However, there are additional processes and NEPA reviews that must be completed before those leases can be developed. For example, before exploration activities, lessees submit an exploration plan that the regional supervisor of BOEM evaluates under NEPA.[27] Following this approval, lessees submit a Development Operations Coordination Document, which the regional supervisor of BOEM also evaluates under NEPA.[28] Frequently, both of these documents require BOEM to complete a site-specific environmental assessment. Thus, BOEM will have additional opportunities to consider the impact of this sale on emissions. Though NEPA does not require agencies to adopt the most environmentally conscious approach, it does require agencies to consider a project’s environmental impacts before making a decision.[29]

At the time of the cancellation of Lease Sales 259 and 261, BOEM had not issued a notice of availability or other final planning documentation for these sales. However, the IRA requires that BOEM hold Lease Sale 259 by the end of 2022 and Lease Sale 261 by September 2023,[30] meaning that BOEM will have to move fast to complete these sales by their statutory deadlines. Because these sales are also nondiscretionary, they may also move forward without a supplemental EIS to address any flaws raised in Friends of the Earth.[31] However, like Sale 257, lessees will have to comply with project-specific environmental reviews prior to engaging in exploration, drilling, and production.

Lease Sale in Alaska to Proceed, Though Interest is Unclear

In addition to the Gulf of Mexico sales, the IRA also requires BOEM to hold Lease Sale 258 for acres in Cook Inlet, Alaska. Sale 258 is also part of the 2017-2022 program, and BOEM cancelled the sale in May 2022 for “lack of industry interest” after receiving zero nominations in response to the Call for Nominations and Notice of Availability. In its announcement, the agency also noted that it has historically cancelled lease sales in Cook Inlet for lack of industry interest.

The IRA requires BOEM to hold this lease sale by the end of 2022.[32]  However, the requirement to hold the lease sale may still not receive any bids.

The IRA Imposes Significant Fees on Extraction Activities

Though the IRA requires DOI to hold new oil and gas lease sales, it also raises costs to producers through increased extraction fees that may discourage potential bidders. For leases in federal waters, the IRA increases the minimum royalty rate and sets a maximum royalty rate for the next ten years,[33] which responds to some of DOI’s requested changes from its November 2021 Leasing Reform Report.

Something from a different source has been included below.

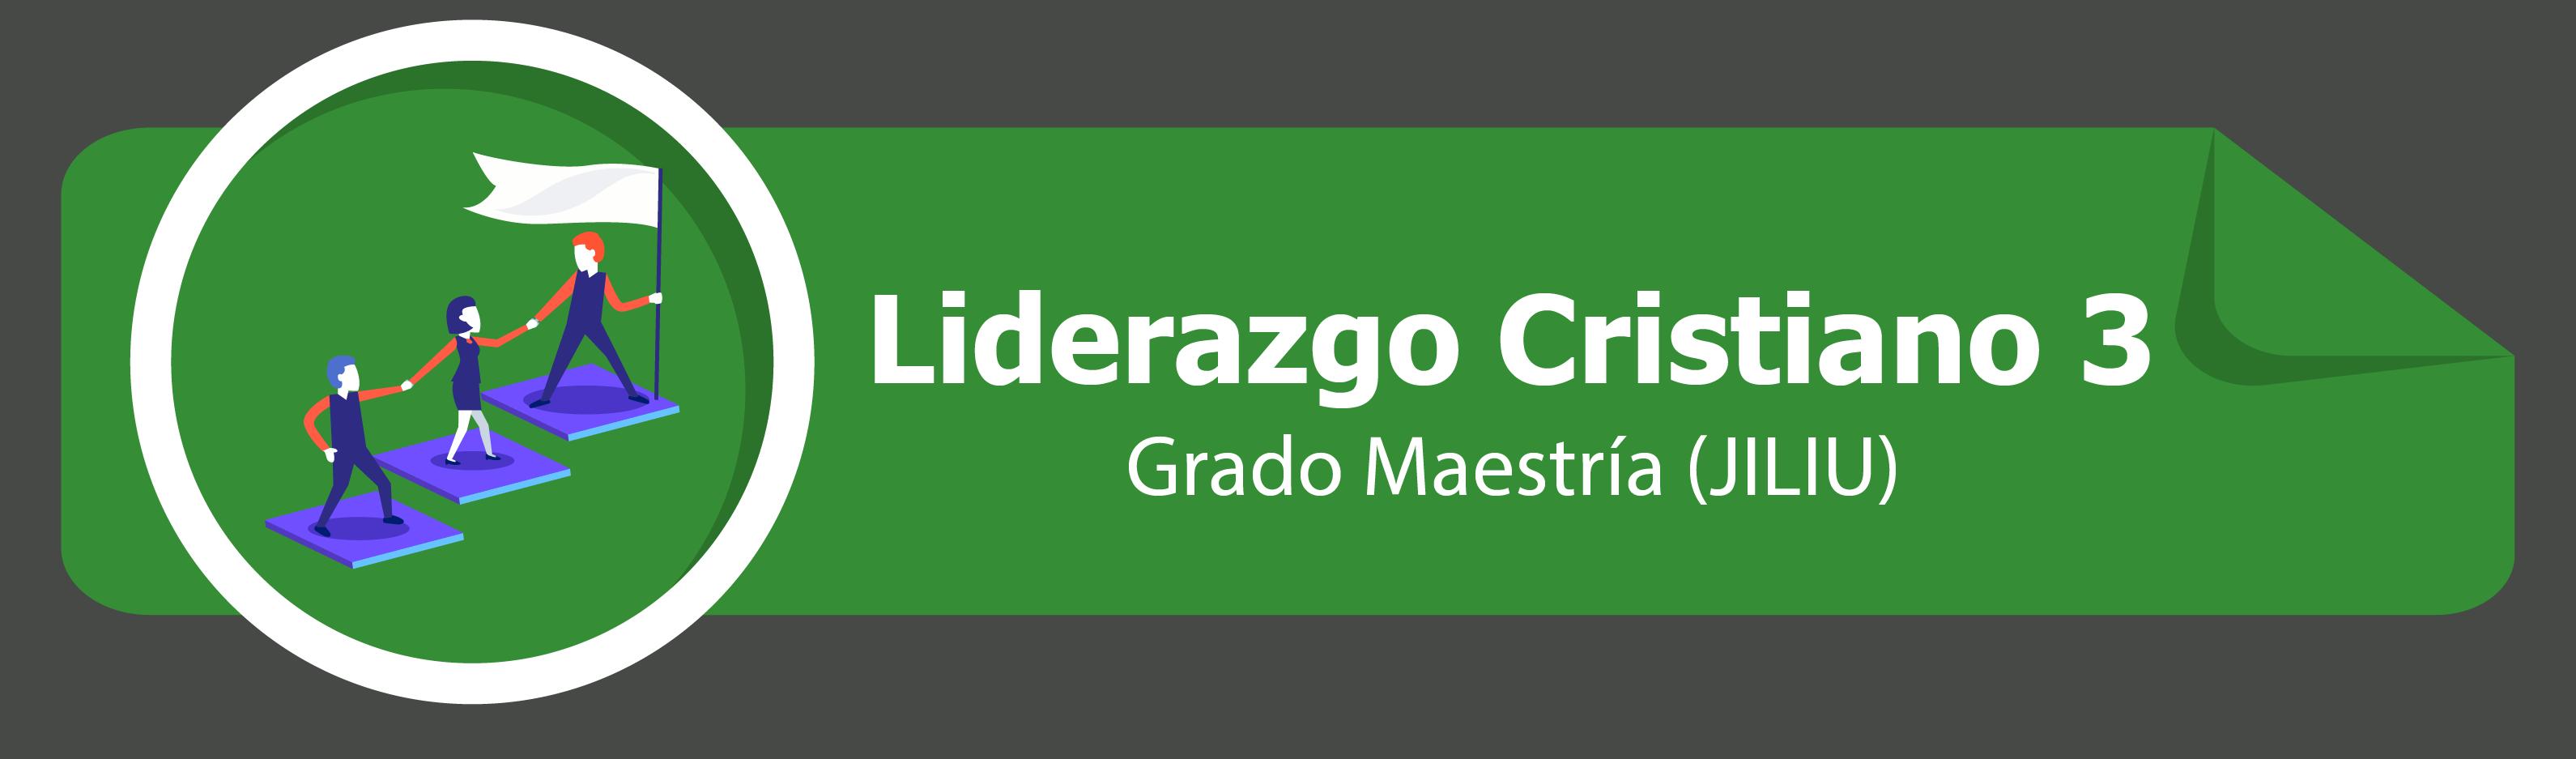 Liderazgo 3

For any new lease in federal waters, the IRA also expands the scope of existing gas production royalties to include gas consumed or “lost by venting, flaring, or negligent releases through any equipment during upstream operations”.[34] Previously, producers were required to pay royalties as a percentage of the oil or natural gas sales and DOI generally exempted operators from paying royalties on methane lost during production.[35] The IRA provisions do not specify the extracted methane royalty rate.

These changes could dissuade potential bidders. For example, in the 2023-2028 program plan, BOEM acknowledged that royalties significantly influence bidder interest. Moreover, Rhodium, Princeton’s Repeat, and Resources for the Future’s IRA emission models all concluded that these increased fees are likely to put downward pressure on future production.[36] These fees for oil and gas could complement the offshore wind incentives discussed earlier to further drive the energy transition.

Next Steps

In the coming months, we will continue tracking the IRA’s implications for federal oil and gas lease sales, including industry bids for lease sales, ongoing or new court challenges, and decisions by the Biden administration on what federal lands are offered for lease. For clean energy development, it will also be important to continue to follow how effectively the IRA accelerates offshore wind development through the tax credits, additional federal waters, and directing funds for environmental reviews. In the coming months, we will be tracking these updates and assessing the implications in future legal analyses.

 

[1] For example, the Rhodium Group estimates that the IRA can reduce US net greenhouse gas emissions by an additional seven to nine percent below 2005 levels by 2030 compared to pre-IRA policy.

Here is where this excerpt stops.